Митрополит Иосиф понимал, что советское государство не допустит существования истинной Церкви, и очевидно, также как и Патриарх Тихон, видел, что предел «политическим требованиям советской власти лежит за пределами верности Христу и Церкви», что легализация возможна лишь на таких условиях власти, когда от Церкви остается лишь пустая оболочка, а внешняя организация сохраняется за счет недопустимого компромисса с безбожием, и что у Церкви нет другого способа существования (status vivendi) в советском обществе, кроме подпольного, катакомбного. И будучи в Казахстанской ссылке, он сам совершал тайные богослужения и рукоположения (к уходу в катакомбы иосифляне готовились заранее[к2] ).

К этому пришли и все архиереи-исповедники. А епископ Нектарий с присущей ему откровенностью прямо сказал в лицо гонителям Церкви: «Нормальное положение Церкви при Советской власти может быть только в подполье. Быть верующим при существующей власти есть подвиг» (допрос 5 июня 1931 года).

Таким образом, фактически Церковь в своем отношении к богоборческой власти осталась на той позиции, которая была определена на Соборе в 1918 года.

(Здесь остаются еще несколько моментов, которые хотелось бы прояснить, но это отдельные темы[к3] ).

В связи с этим понятно, что у архиереев-исповедников ничего общего не могло быть с архиереями-соглашателями, архиереями-приспособленцами, пытавшимися путем лжи и неправды «спасти Церковь»…

Отношение к сергианству

По поводу четко выраженной позиции иосифлян в отношении сериганства довольно подробно изложено в статье «Экклезиология иосифлянства». Основные ее положения следующие:

1. В письме архимандриту Льву (Егорову) митрополит Иосиф отвечает на главный аргумент защитников митропо­лита Сергия о том, что каноны позволяют отлагаться от епископа только за ересь, осужденную собором:

«Деяния митрополита Сергия достаточно подводятся и под это условие, если иметь в виду столь явное нарушение им свободы и достоинства Церкви, единой, Cвятой, Cоборной и Апостольской. А сверх того, каноны ведь многое не могли предусматривать. И можно ли спорить о том, что хуже и вреднее всякой ереси, когда вонзают нож в самое сердце Церкви – ее свободу и достоинство. Что вреднее: еретик или убийца?»

Заканчивает свое письмо митрополит Иосиф словами из 8-го правила III Вселенского Собора: «Да не утратим помалу, неприметно, той свободы, которую даровал нам Кровию Сво­ею Господь наш Иисус Христос, Освободитель всех человеков»[32].

Этими же словами завершали свой исторический акт от 13/26 декабря 1927 года и петроградские викарии митрополита, епископы Димитрий (Любимов) и Сергий (Дружинин).

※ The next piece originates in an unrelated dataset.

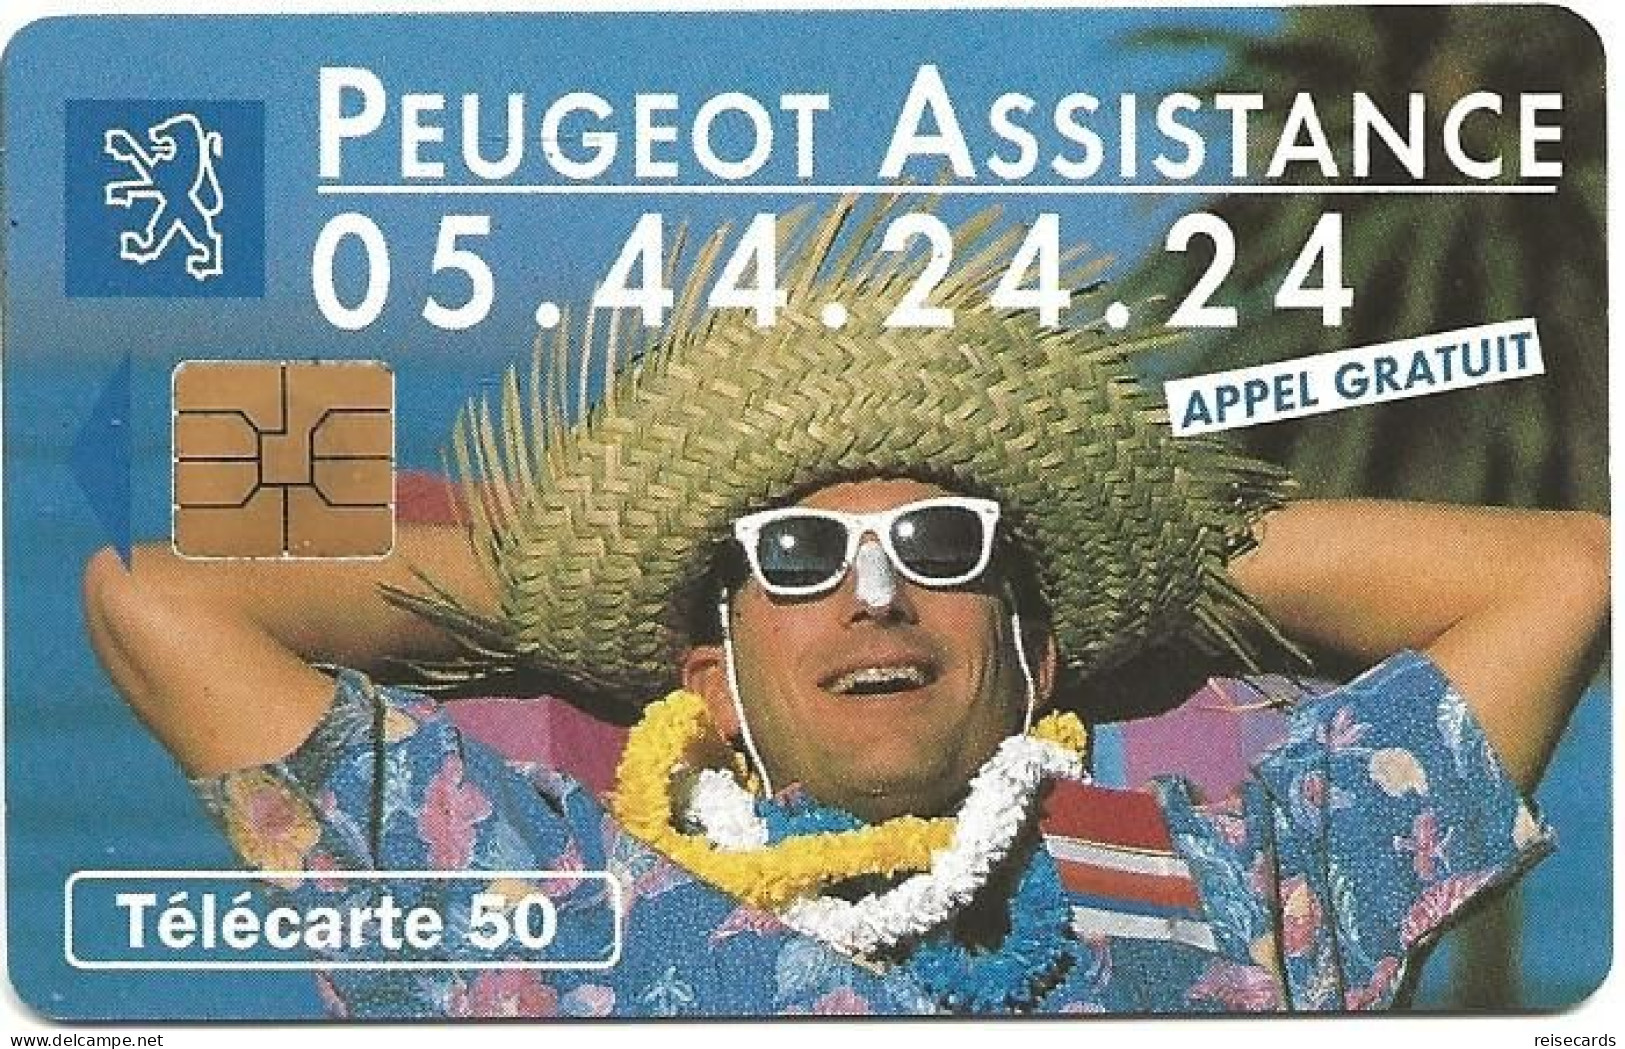 France: France Telecom 07.93 F387 Peugeot Assistance - 1993

2. Об искажении догматической стороны Церкви в Обращении (Декларации) митрополита Сергия говорится в обращении Петроградских клириков, составленном в ноябре/декабре 1927 года:

«Итак, Единство Церкви, имеющее, по словам свящ. муч. Игнатия Богоносца, свое внешнее выражение в епископе, а для целой Русской Церкви, следовательно в патриархе, уже поколеблено в целом Вашим единением с синодом, превысившим свои права до равенства с Вами, по отдельным епархиям – незаконными смещениями местных епископов и заменою их другими, Святость Церкви, сияющая в мученичестве и исповедничестве, осуждена посланием, Ее Соборность поругана, Ее Апостольство, как связь с Господом и как посольство в мир (Иоанн. 17, 18), разрушено разрывом иерархического преемства (отвод М. Петра) и встречным вторжением в нее самого мира».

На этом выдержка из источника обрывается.